● What needs to be done
Transcribe the data that follows without changing a word, and omit the pictures.

● Supplied information
/---
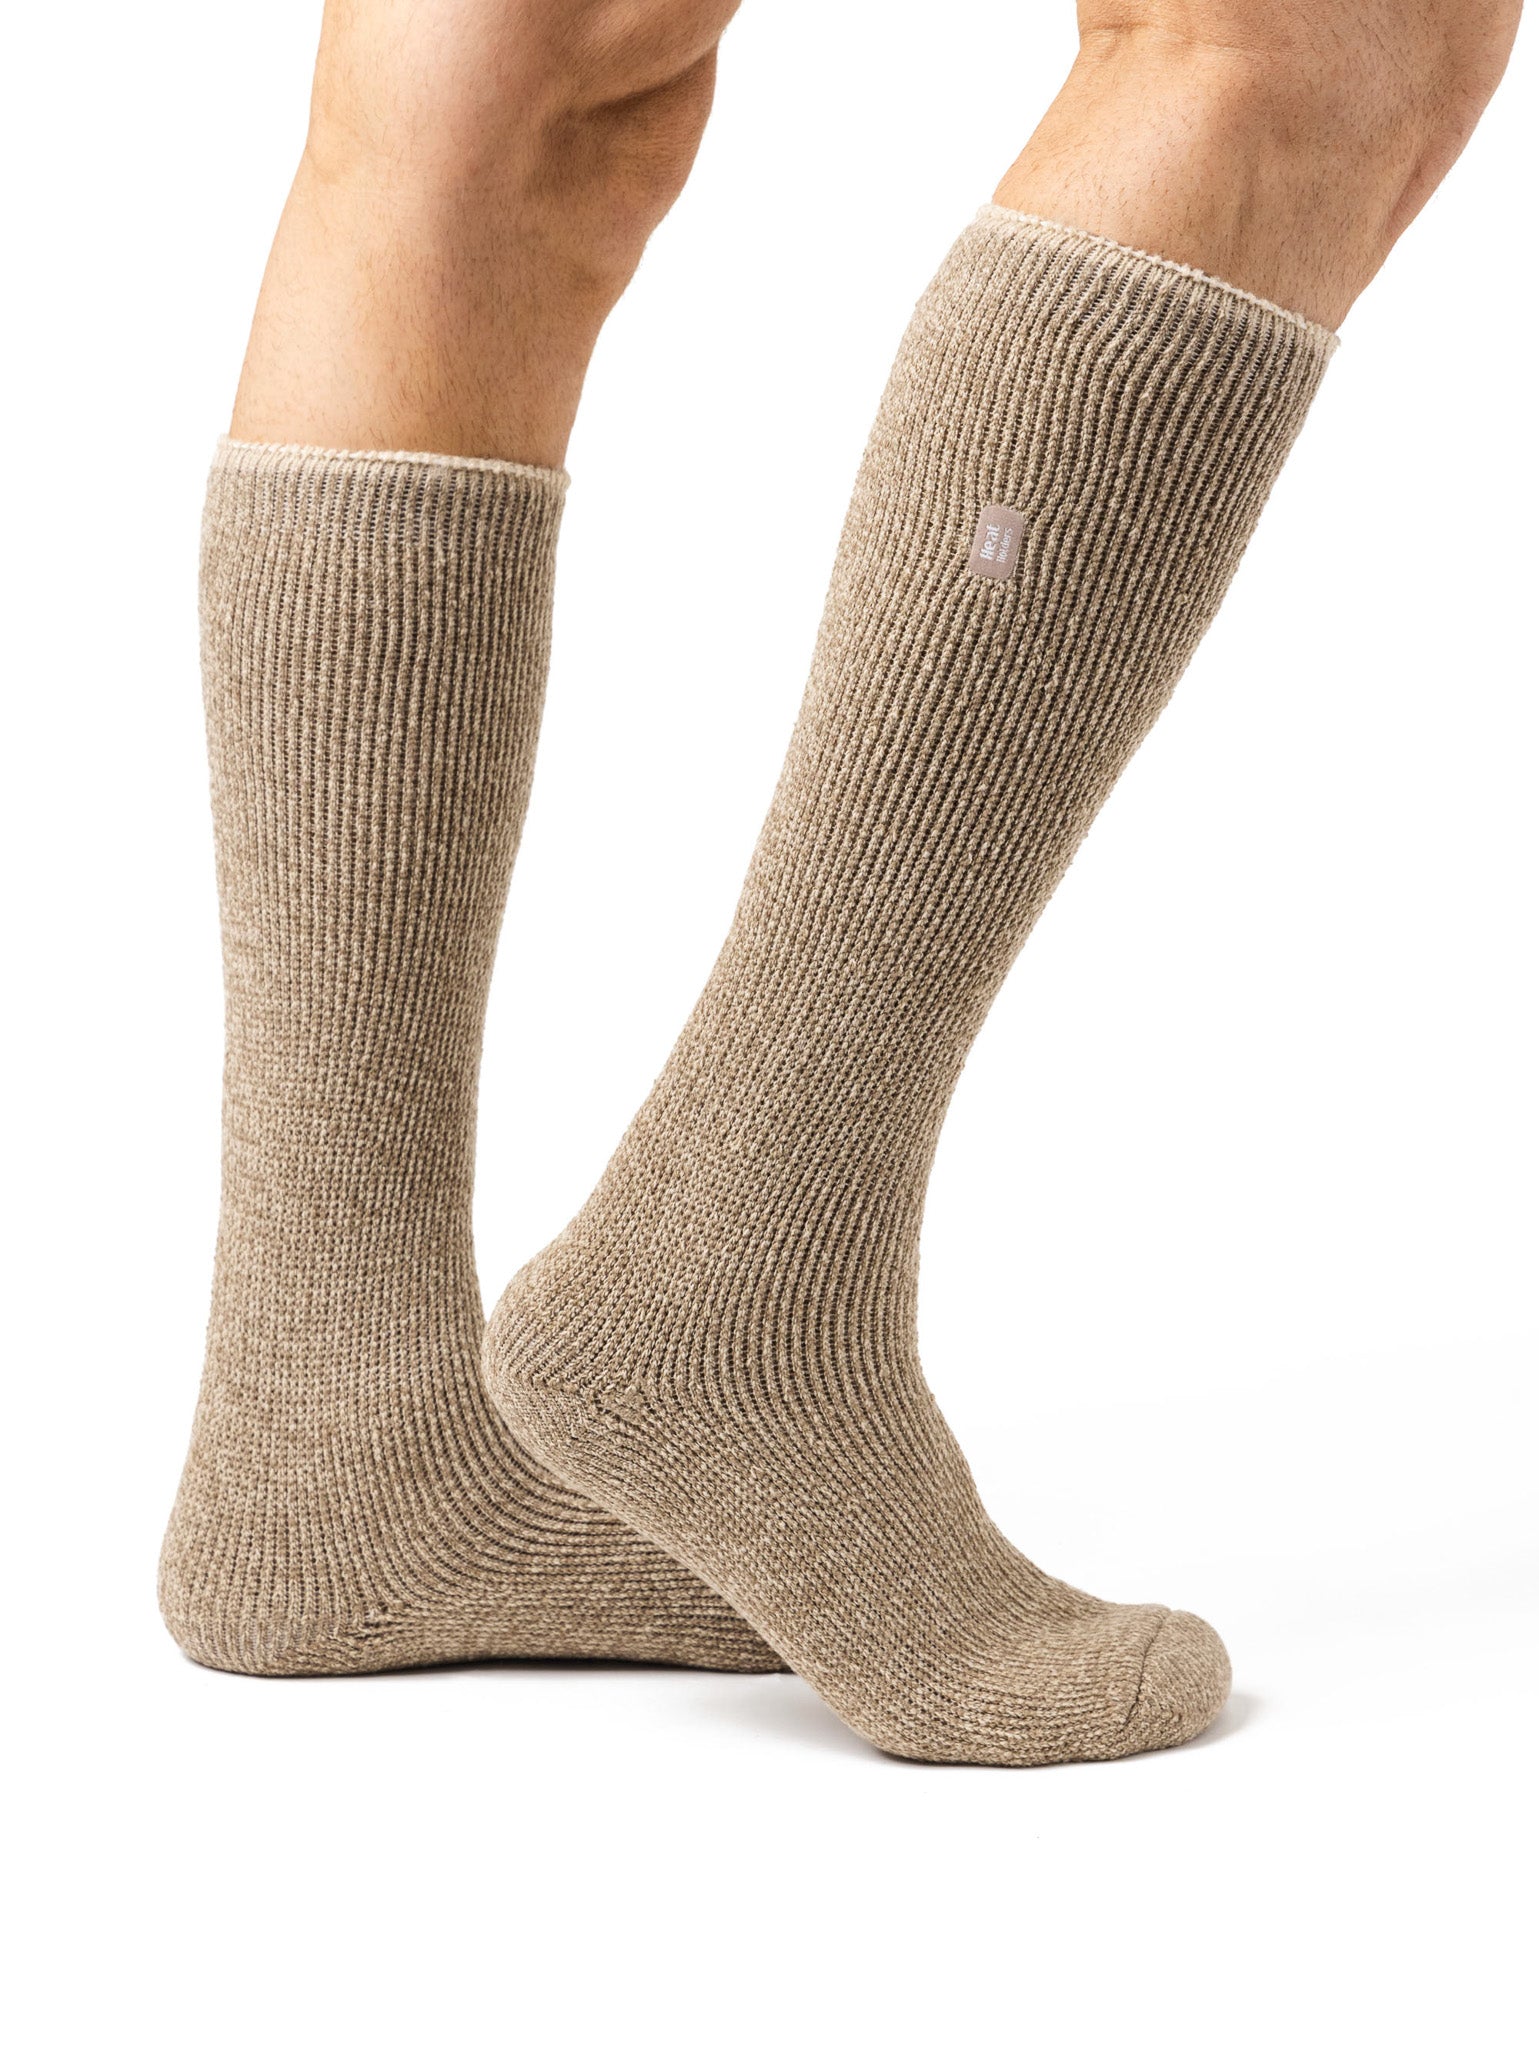 HEAT HOLDERS Merino Wool Long Thermal Sock-Mens 6-11
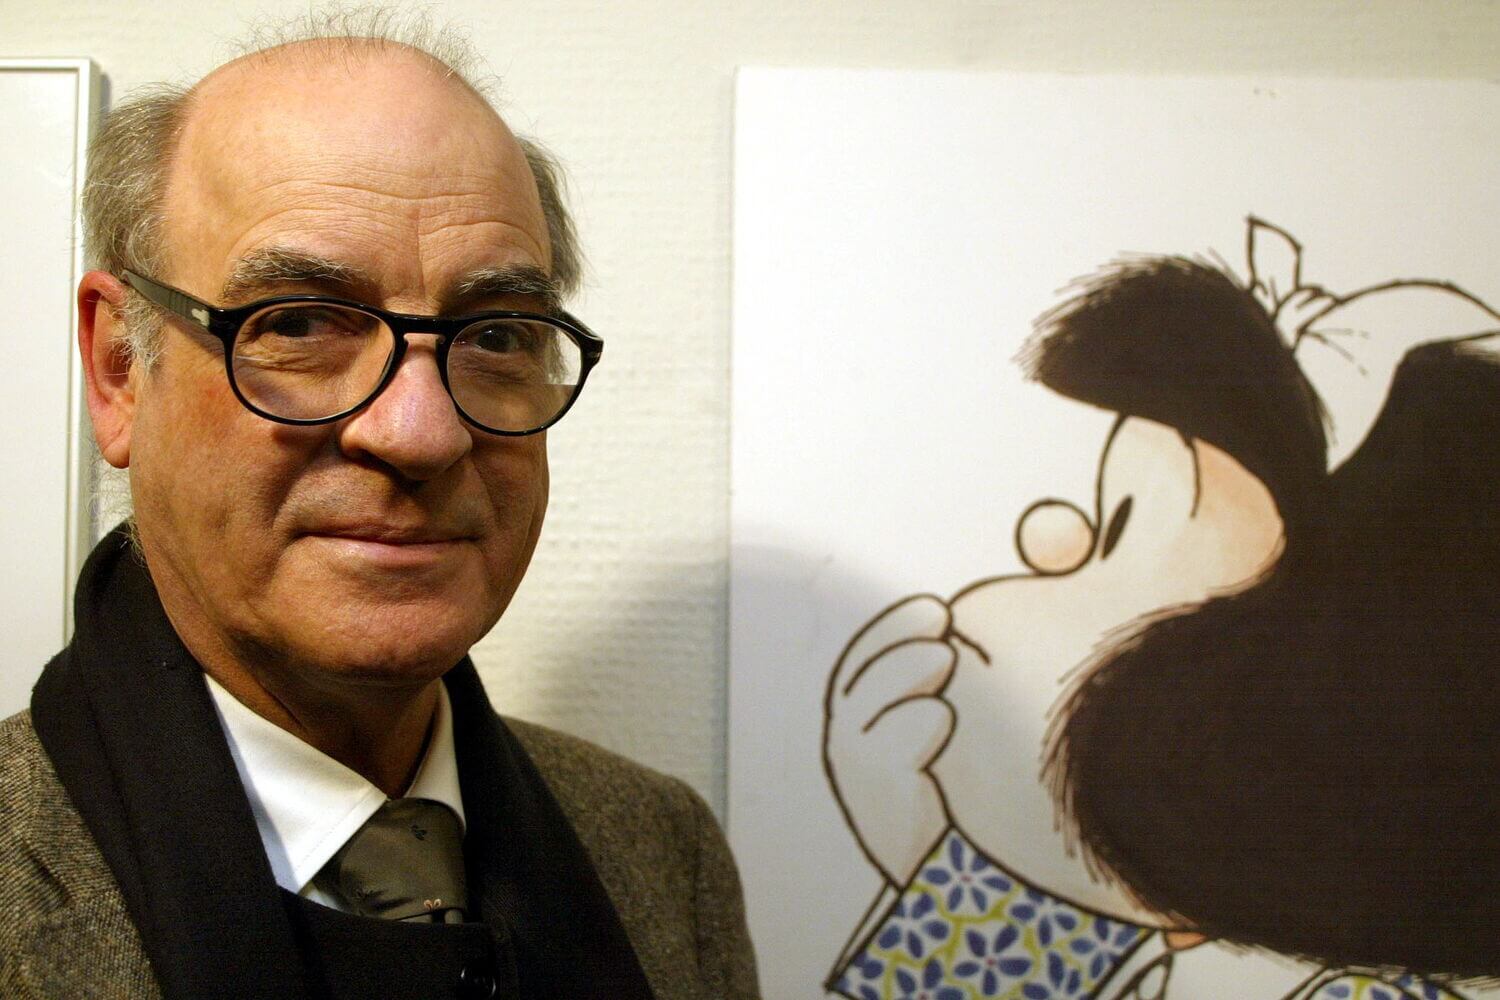 Mafalda - Quino - CFF
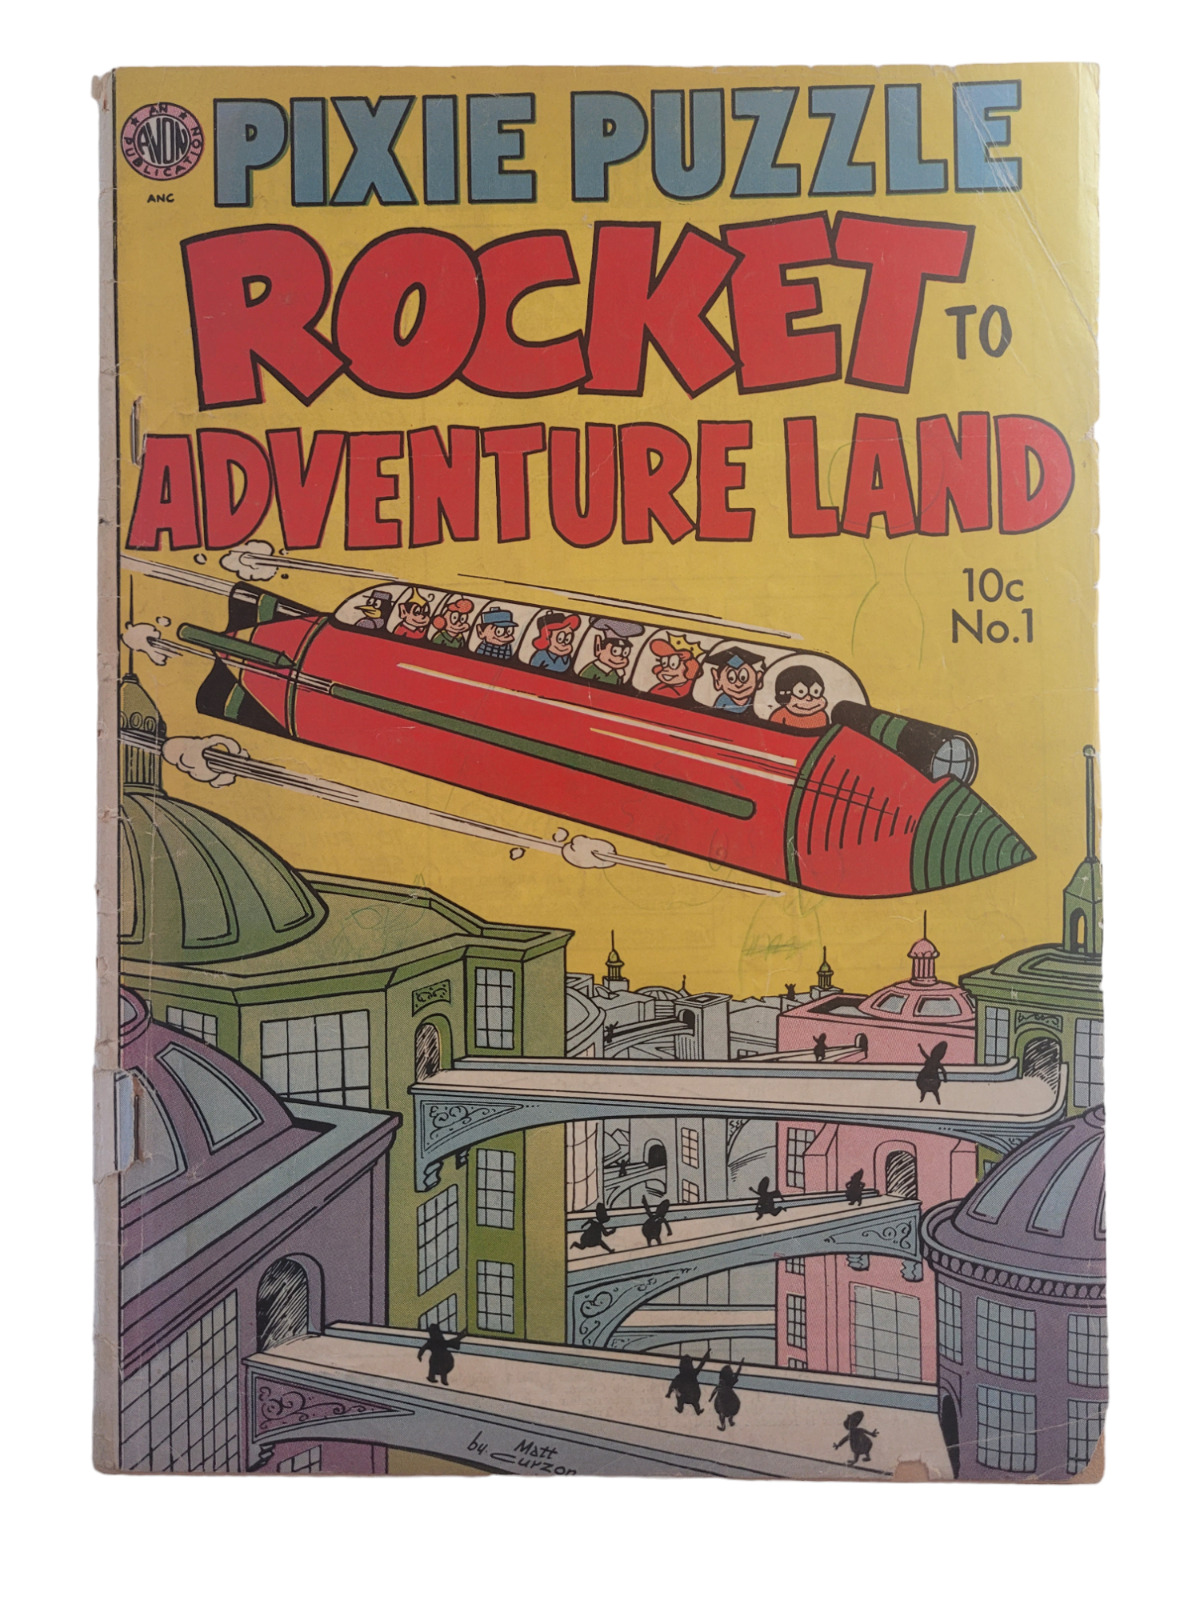 Pixie Puzzle Rocket to Adventureland 1952 Avon one-shot Rare FR/GD Raw Vintage
\---
● Expected answer
 HEAT HOLDERS Merino Wool Long Thermal Sock-Mens 6-11
 Mafalda - Quino - CFF
 Pixie Puzzle Rocket to Adventureland 1952 Avon one-shot Rare FR/GD Raw Vintage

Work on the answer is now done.